AOL killed this sprawling game site before it had a chance to collect a cyber-penny from online gamers, leaving this twisted shell of marketing material behind. The outfit that hatched it, WorldPlay Entertainment, will be absorbed into AOL's Games Channel, which leaves CyberPark's 65 employees out in the cold.

Would CyberPark really have become "the new fun button on the Internet?" We'll never know, except by leafing through its demo pages and doing a little Monday morning quarterbacking. Ask yourself whether you'd have actually paid money to play Baldies Online, TrophyBass2, or Spunky's Shuffle. How many hours a week would you really have spent in CyberPark's Body Boutique, choosing a "gender, body type, hair color and style, skin tone, facial shape and other features to show who you really are, or who you want to be"?

I have a simple theory about game sites like this. They fail because there's just too much competition from the legions of truly great PC shareware games out there.
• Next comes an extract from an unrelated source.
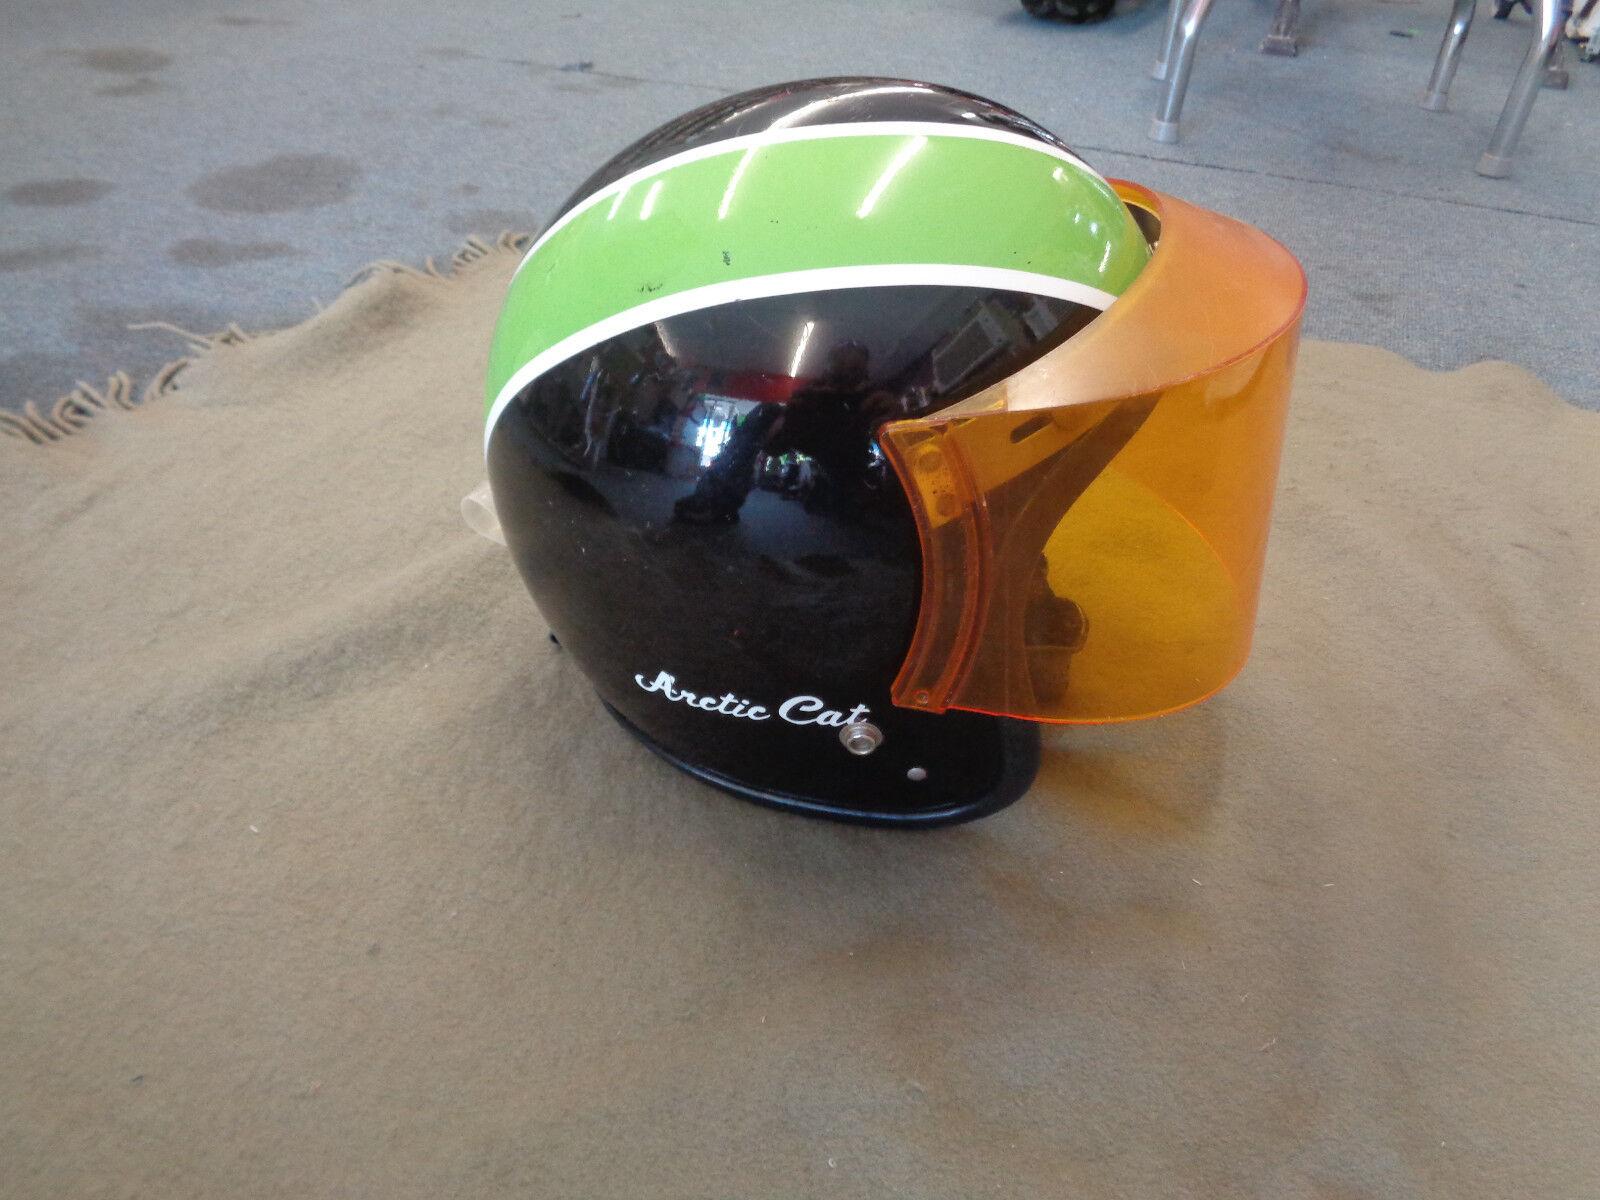 Vintage 1970s ARCTIC CAT Snowmobile Helmet - Used - Size Large orange Shield

Who needs TrophyBass2 when you can play Quake (which appeals to every redblooded American, regardless of gender, body type, or hair color)? Want to switch sexes? You don't need a Body Boutique - just become SusieQ at Hotmail.Com! And would the Net really choose Spunky's Shuffle over Duke Nukem? In a pig's eye!

Seriously, AOL - if you're going to spend millions on a Gamers site, hire some hardcore nerds to run a site chocked full of TombRaider cheats and clues, or FlightSim 5.1 terrain patches and control panels. That's where the money is, folks - not in Baldies Online.

CyberPark is dead, and I'm sure its jobless staff will soon begin to tell us exactly what evil befell the project. Until they do, I offer you this tantalizing clue lifted from a description of one of CyberPark's stillborn games called Schwa Pyramid:

"You'll be abducted to the mysterious, mesmerizing world of Schwa Pyramid...You'll lose track of time. You will begin to feel powerless. Conspiracy theories and the nagging tingle of thought control and deja vu will persist in your mind. Even loyal friends will turn on you."

If you've ever worked in New Media, you know exactly what this writer is talking about.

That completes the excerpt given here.